# When do I get rid of this terrible puppy hair??



## paisley pup (Jul 12, 2012)

Im not ...sure .what i can tell you is paisley is 9 months and just started her coat change in the last few weeks. I kept reading on here everyone's stories of matting more quickly than you can brush.i started getting nervous nothing was happening i was scared she would have a fine puppy coat that was hard to scissors for ever! .lol then one day matsand the next day mats!! Lol. She still has most of her puppy coat but now she has a little lift. So it should be coming soon fo:act-up:r your pup.


----------



## Indiana (Sep 11, 2011)

My two still have very soft hair at 18 months old, although the hair is very dense and springy and much easier to scissor. It sure does mat through coat change though.


----------



## Erin (Dec 11, 2012)

9 months doesn't sound so bad... I've been hearing closer to 12 from the ladies I work with, which worried me! 
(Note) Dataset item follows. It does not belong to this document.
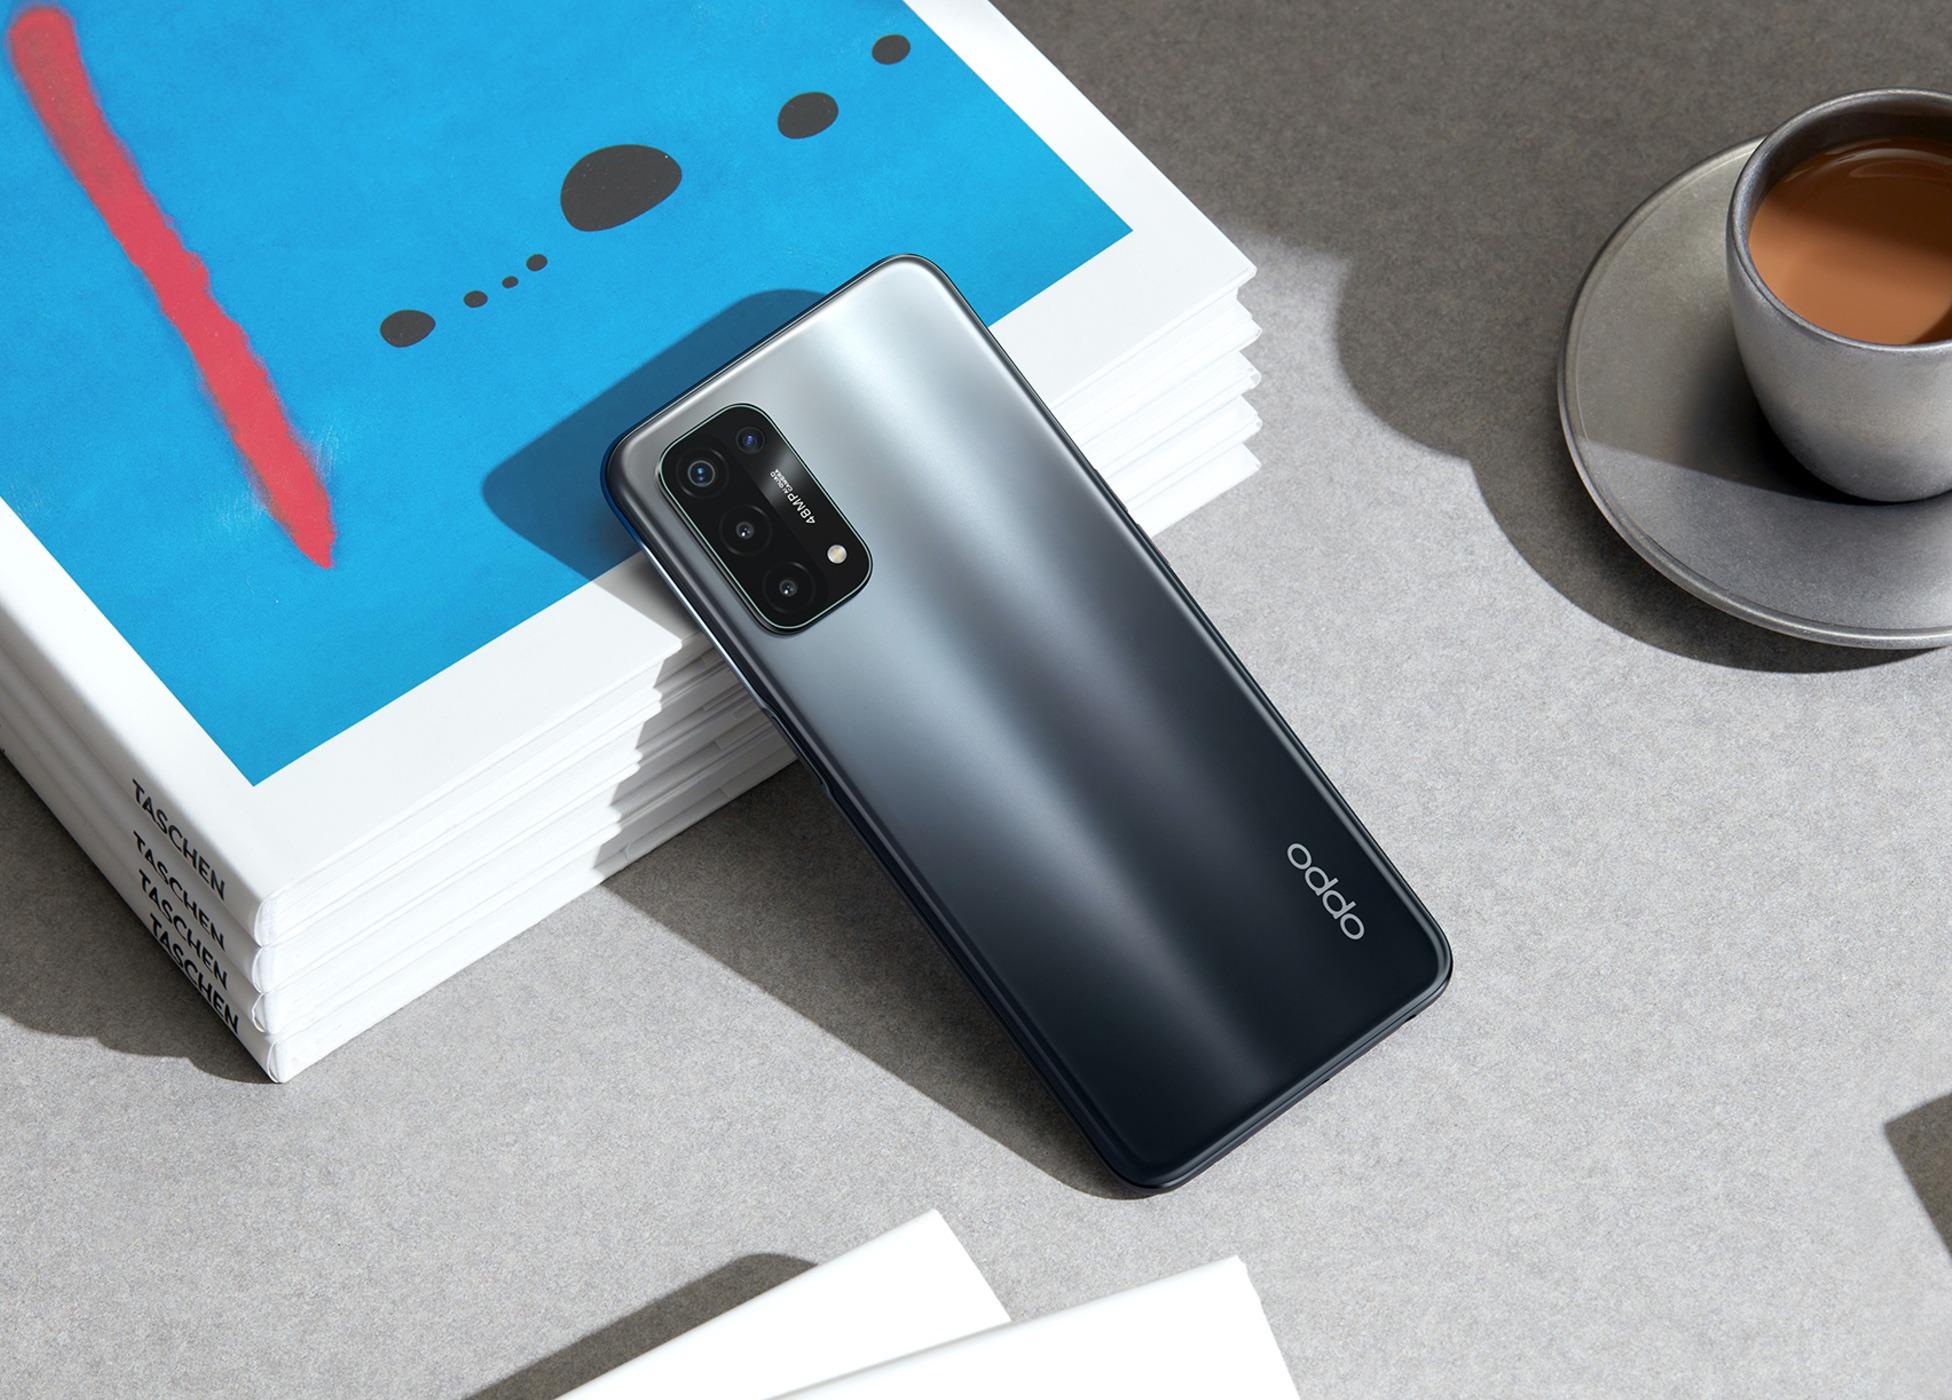 ¿Merece la pena comprar el Oppo A74 5G a este precio? Te contamos la ventajas e inconvenientes

Sent from my iPhone using Petguide.com Free App


----------



## Specman (Jun 14, 2012)

I have a year old mini who has either not had a coat change yet or I have been lucking with matting. Based on what everyone says it's probably not the latter.


----------



## Erin (Dec 11, 2012)

Specman said:


> I have a year old mini who has either not had a coat change yet or I have been lucking with matting. Based on what everyone says it's probably not the latter.


I have heard people who have said they've had few matting issues. You will know if the coat has changed because the fur will not be as fine, and it will begin to have curls or ringlets instead of just crimped puppy fur.


Sent from my iPhone using Petguide.com Free App


----------



## 3dogs (Nov 3, 2010)

My OT is going on 2 years in a few days & she I believe has all of her adult coat in now. Fist off she never really matted but I am a groomer so she was bathed weekly & groomed weekly as well. The first spot to change into adult coat was her head, neck, back along spine & last her legs.


----------



## hunny518 (Jun 5, 2012)

I love my girls 
Puppy coat and ill be soooooo sad when her coat changes. Being a groomer, I always love having the fresh groomed look on her and with the puppy coat it stays straight longer, haha. Scissoring it doesn't bother because most grooming I do is scissor work on all breeds all coats and all textures so I've evolved through the years..haha.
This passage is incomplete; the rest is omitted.